I am not one likely to harp on total depravity or happily reside in the Reformed camp. As a goodie two shoes as a child, I am not one to carry around a load of guilt. I struggle more with pride. That's the thing, though. Somehow Crabb's book made we mourn the selfishness in my heart that breaks the relationships around me, without me ever taking it seriously. 

It's echoed in Tubal Cain's words in Noah. He's a man presiding over such evil, but he looks at it and blames external problems and uses them to legitimize his own anger and continued ruin, "We are abandoned, orphan children, cursed, damned to live by the sweat of our brow.  Damned if I don’t take what I want."

Tubal Cain sees all the brokenness as simply the effect of the things done unto man. Noah sees all the brokenness coming from man, and knows that if there is to be hope, it must stop.
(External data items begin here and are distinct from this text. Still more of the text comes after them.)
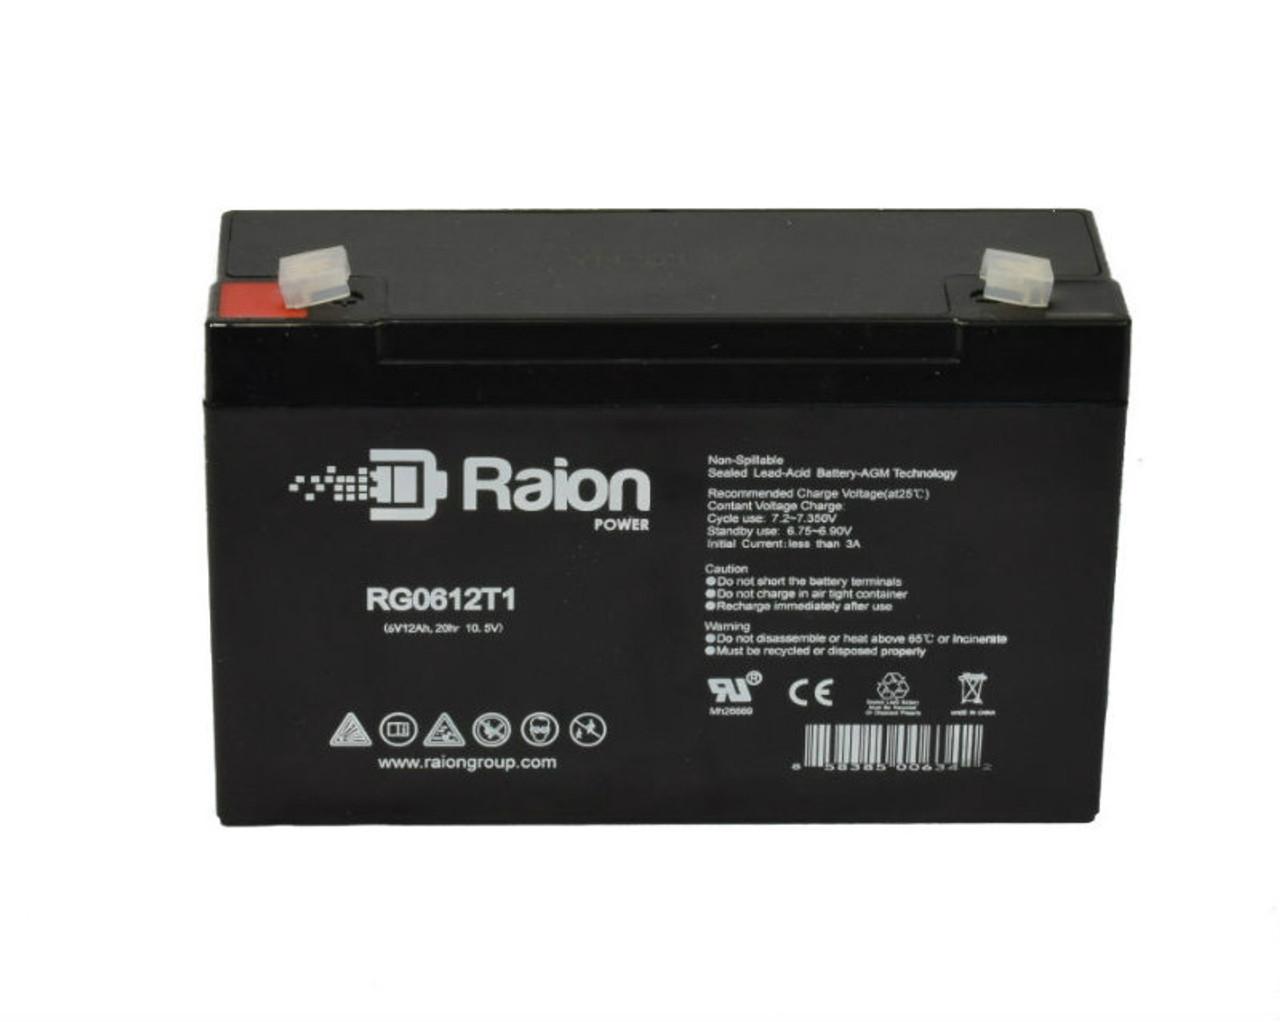 Raion Power RG06120T1 Replacement Battery Cartridge for Tripp Lite RBC52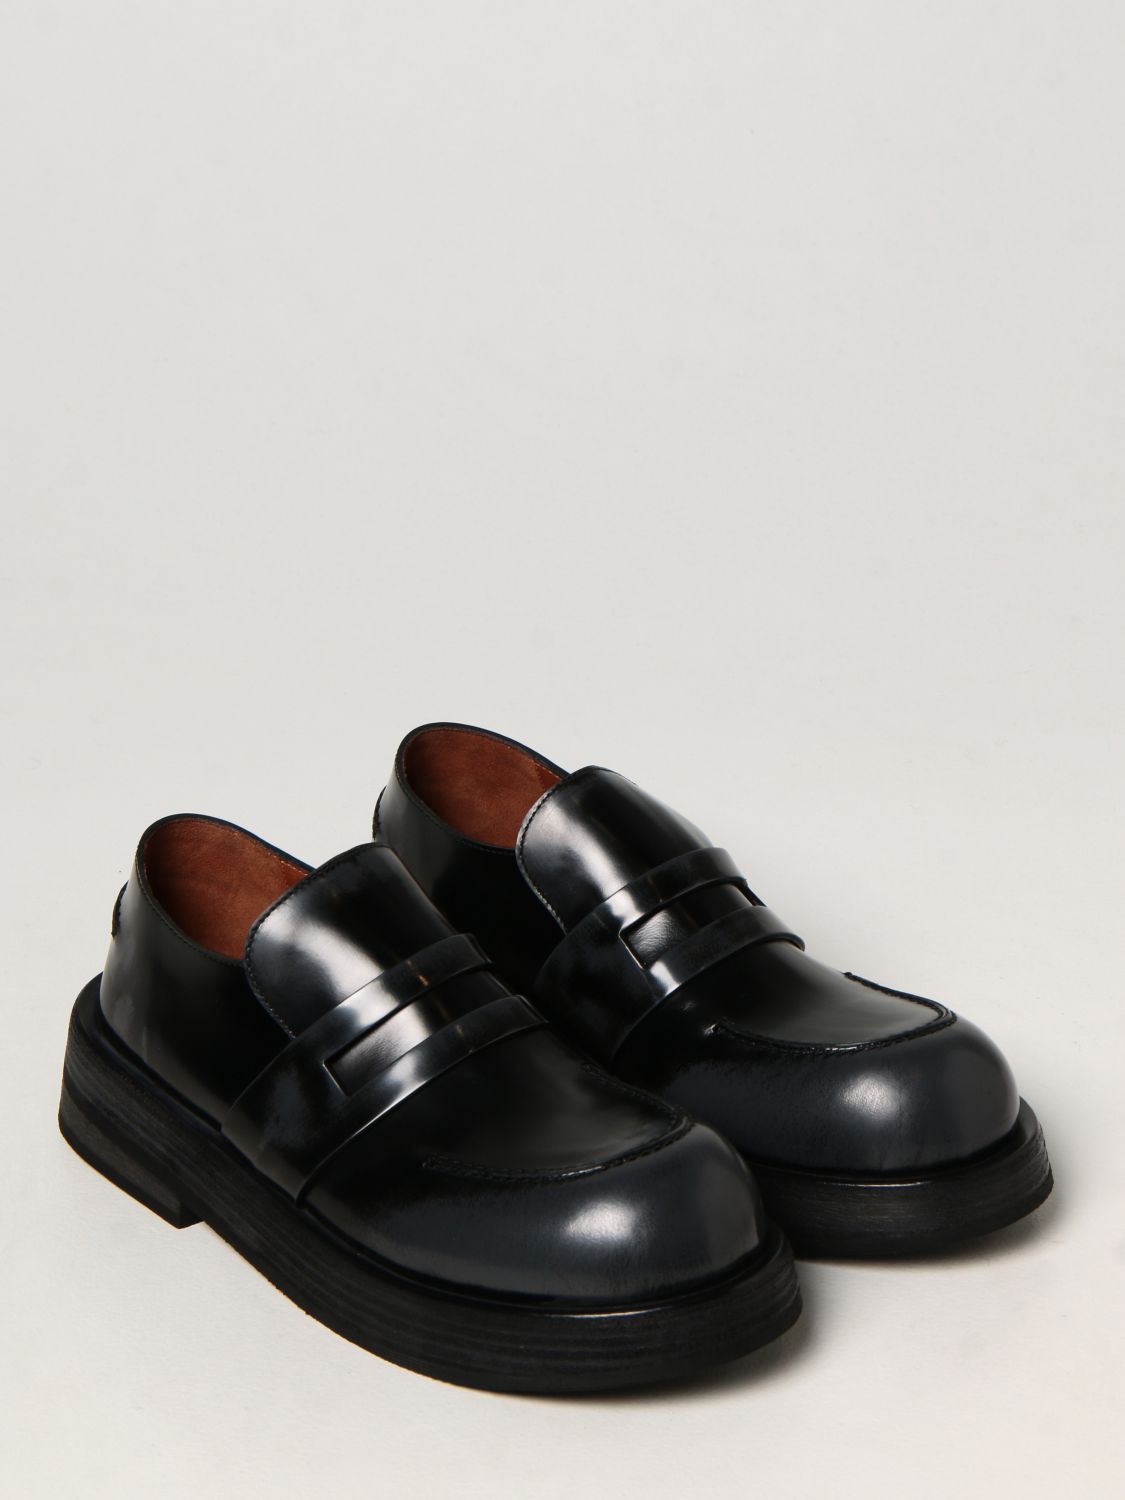 Mocassins Marsèll: Chaussures homme Marsell noir 2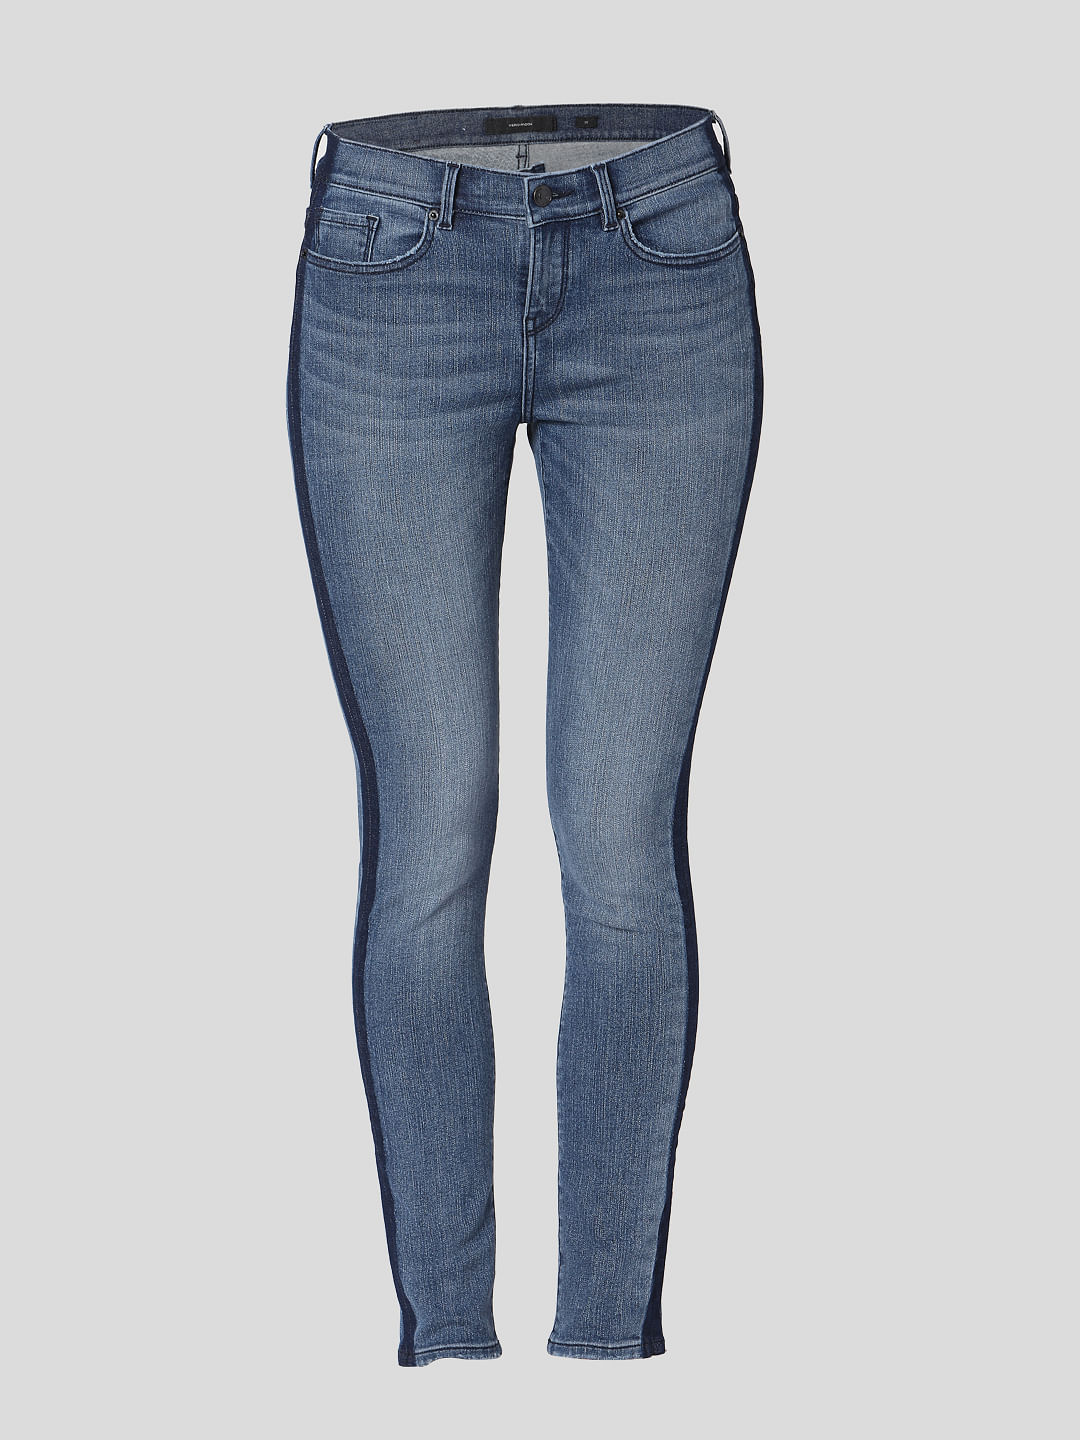 Mango flared jeans Blue 34                  EU discount 94% WOMEN FASHION Jeans Strech 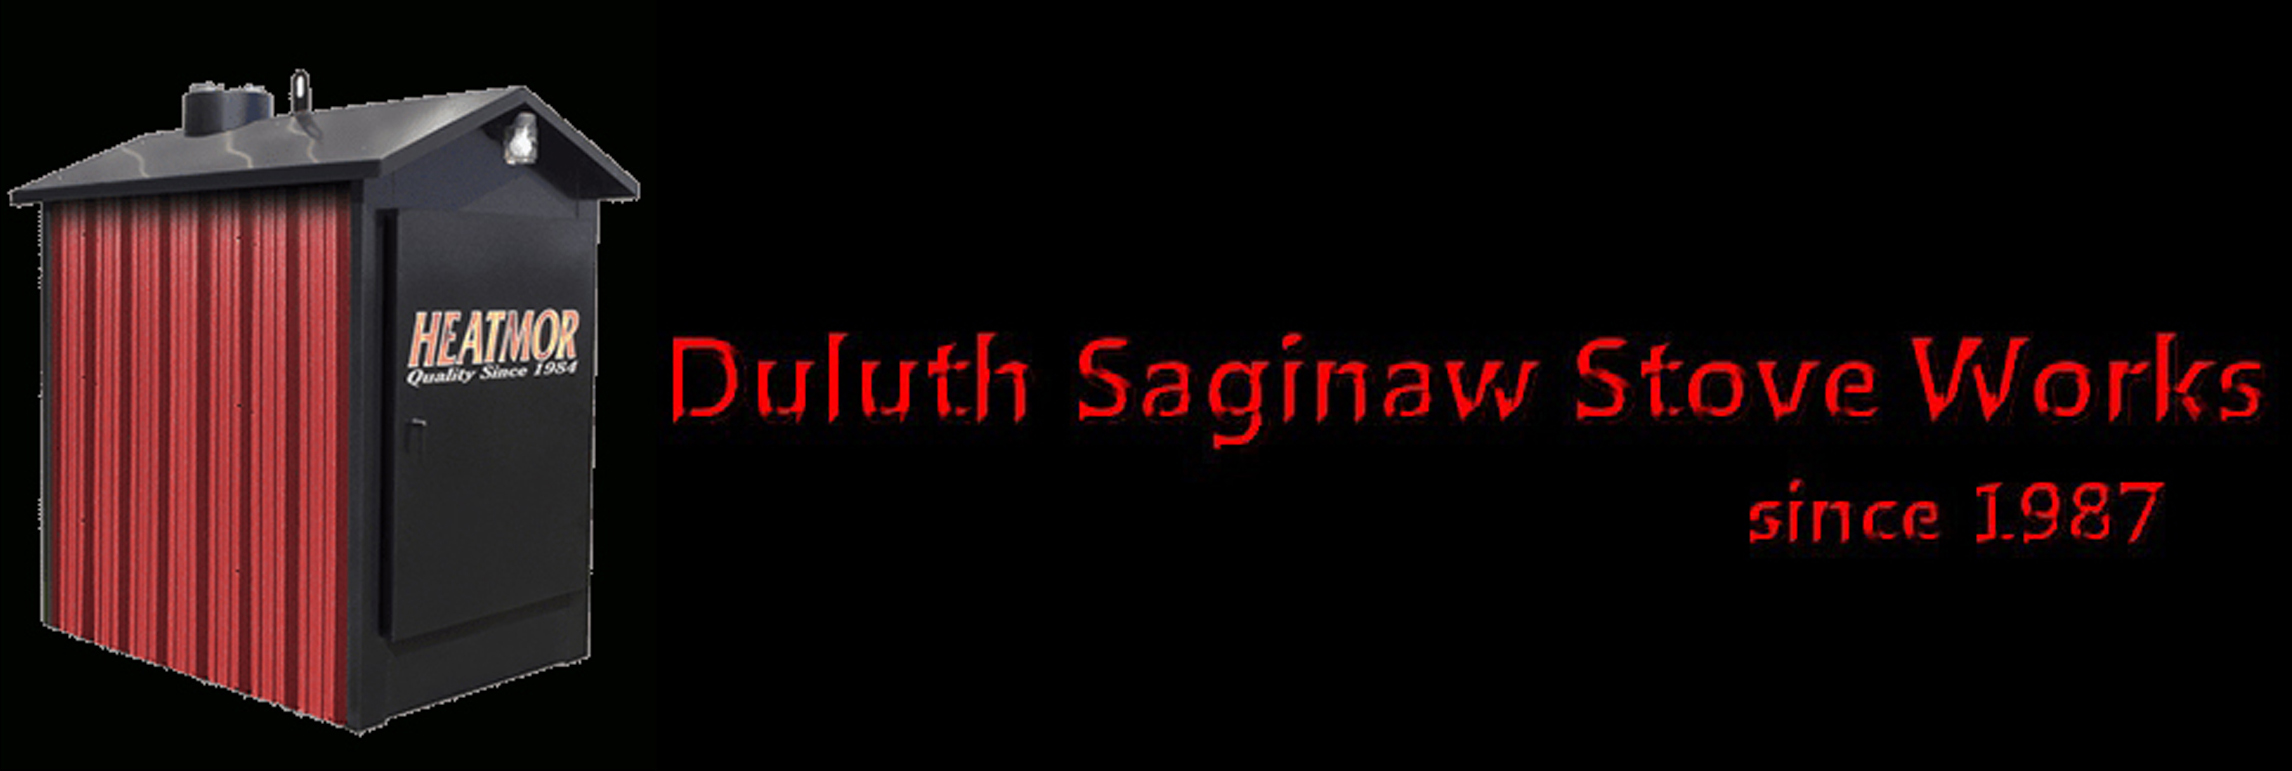 Duluth Saginaw Stove Works since 1987 Banner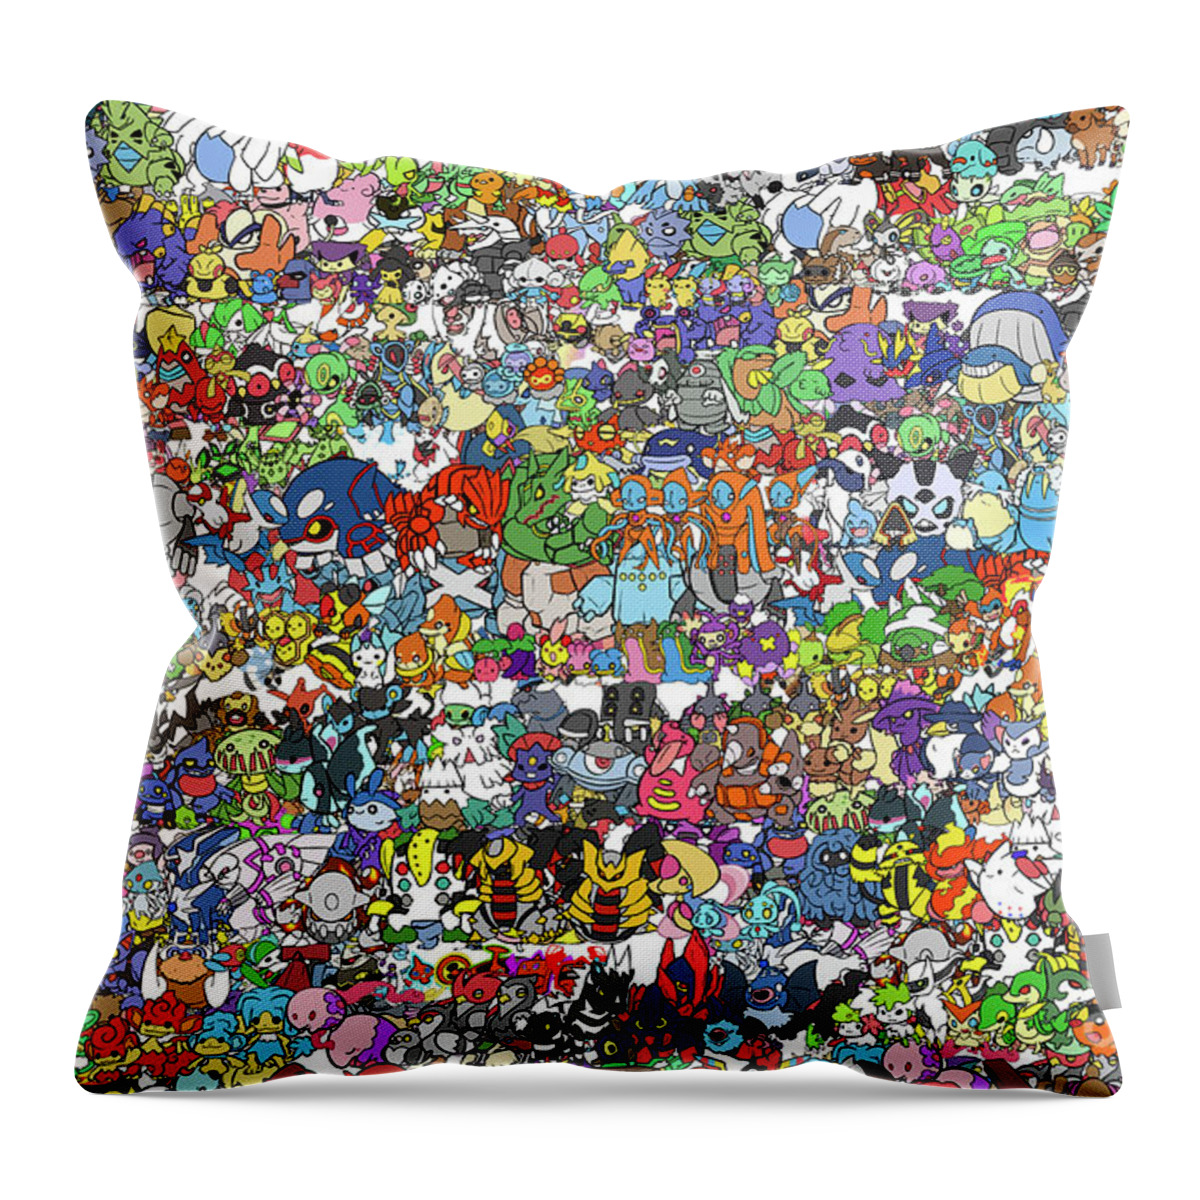  Throw Pillow featuring the digital art Pokemon by Mark Ashkenazi

Noah's wife looks at her family and sees only good. Noah sees that even in their beauty, there is lust, covetousness, etc. The move digs into both things - the inherent sanctity and beauty and love in mankind and in the world, but also the pervasive sin and brokenness.

When Noah's wife asks him why, in the end, he decides to allow human life to go on, he says that he looked at them and all he felt was love. Though the movie portrays God as silent, I see that line as an echo of our God. If you believe the biblical account, He sees all things broken by us, and still when he looks as us, all he sees is love. He has a world that demands cleansing, and yet He must save.

The Genesis flood is a symbol of baptism. The anniversary of my own baptism was this past week on Easter Sunday, and  with the conviction of my own selfishness heavy on my mind, I pondered again what this means. I was teary during Noah because I saw in his depiction some of this desperation and need to be free of myself. Where the flood left the problem of the sinfulness of man unsolved, on the cross, that is where the work is finished.
But God, being rich in mercy, because of the great love with which he loved us, even when we were dead in our trespasses, made us alive together with Christ—by grace you have been saved.